Сергей Гомонов - Горькая полынь. История одной картины
Громче всех хохотала полуглухая и, кажется, не слишком смышленая дочь трактирщиков, да и сама трактирщица, из любопытства выйдя к ним из-за своей стойки. На блестящем от жирных кухонных испарений лице ее красовался багрово-синий кровоподтек под глазом, а во рту не хватало нескольких передних зубов. Однако это пристава уже не смущало, и все так же, под веселую скерцо, слова которой на ходу придумал Джон, а подыграл ему на лютне кантор, Никколо отдал хозяйке заведения судебную повестку. Это вызвало только новый взрыв хохота.
Трудно звездочку поймать,Если скатится за гору;Трудно черта подковать,Обрюхатить мандрагору,Научить медузу петь,Залучить русалку в сеть,И, старея,Все труднееО прошедшем не жалеть[21]…
Улучив момент, когда Шеффре поставил лютню в ноги, да Виенна подвинул к нему табурет и спросил, коль скоро уж тот в курсе всех городских слухов, не известно ли ему об убийстве на виа Мичели.
— На виа Мичели? А что это за убийство?
— Мы пока не предаем его гласности. Просто это был ваш, можно сказать, коллега, Альфредо Сарто… И убийство, мягко говоря, необычное.
— Как это — необычное? — глаза кантора потемнели: наверняка он прежде хорошо знал Сарто и имел основания испытывать к нему неприязнь. Что неудивительно, памятуя репутацию покойного ныне синьора и судебное разбирательство по обвинению его в соблазнении какой-то юной девицы.
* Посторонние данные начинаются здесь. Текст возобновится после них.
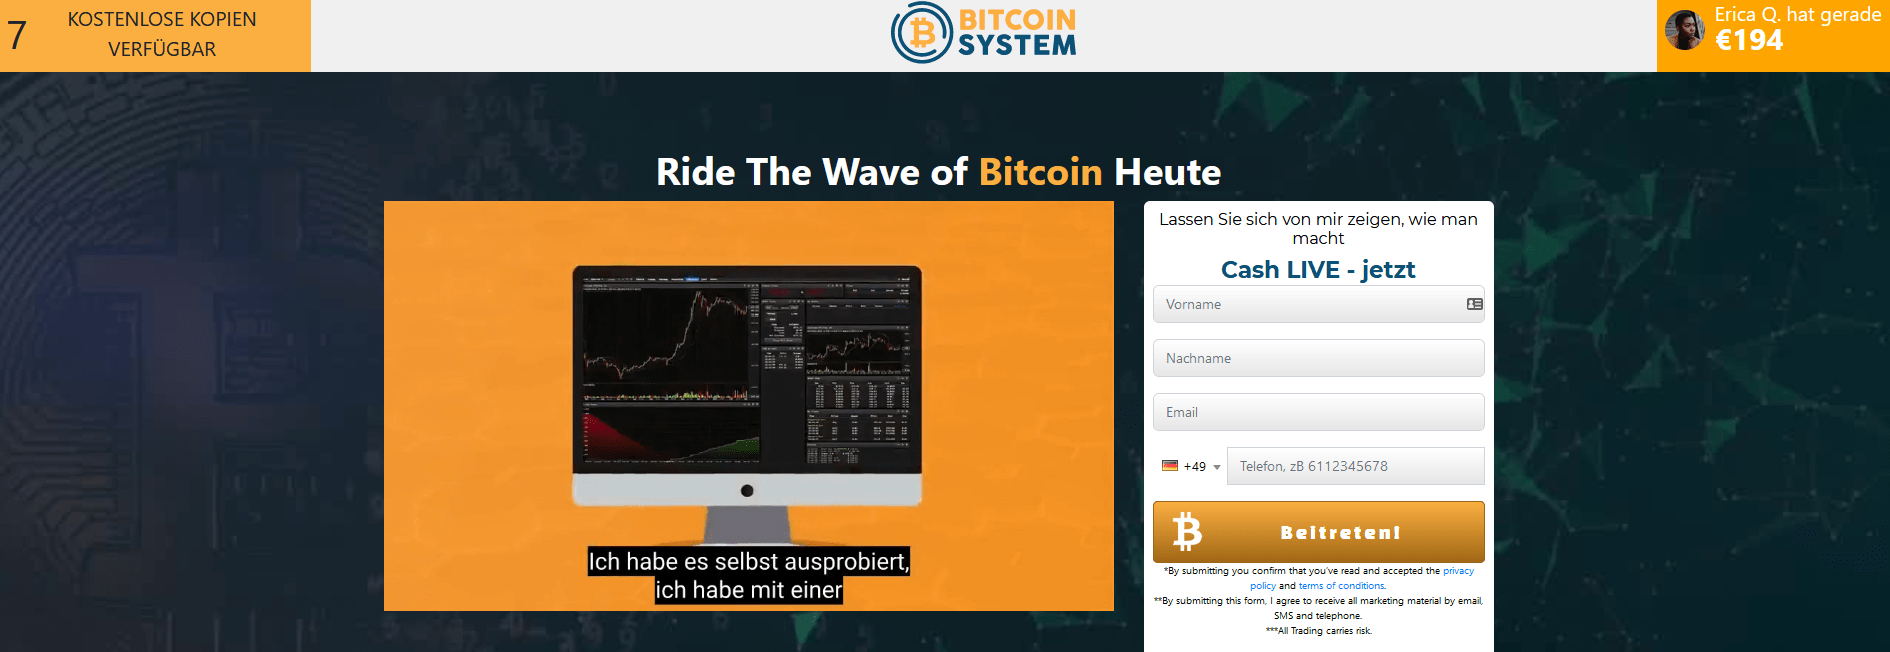 Bitcoin System Test

Слушание проходило во Флоренции три или четыре года назад и наделало шума. Однако более ничем не выдал себя Шеффре — не поморщился и не отстранился.
— С декапитацией, — пояснил Никколо, проведя ребром ладони себе по горлу.
— Вот как!
— Но я скажу вам хуже того: это уже четвертое такое убийство за последние два года. До него два произошли во Флоренции, а одно — не так давно — в Ареццо.
Кантор удивленно приподнял брови:
— И все четыре с обезглавливанием?
— Более того, один и тот же почерк: после отсечения головы убийца кладет ее в мешок из-под фасоли и бросает возле тела.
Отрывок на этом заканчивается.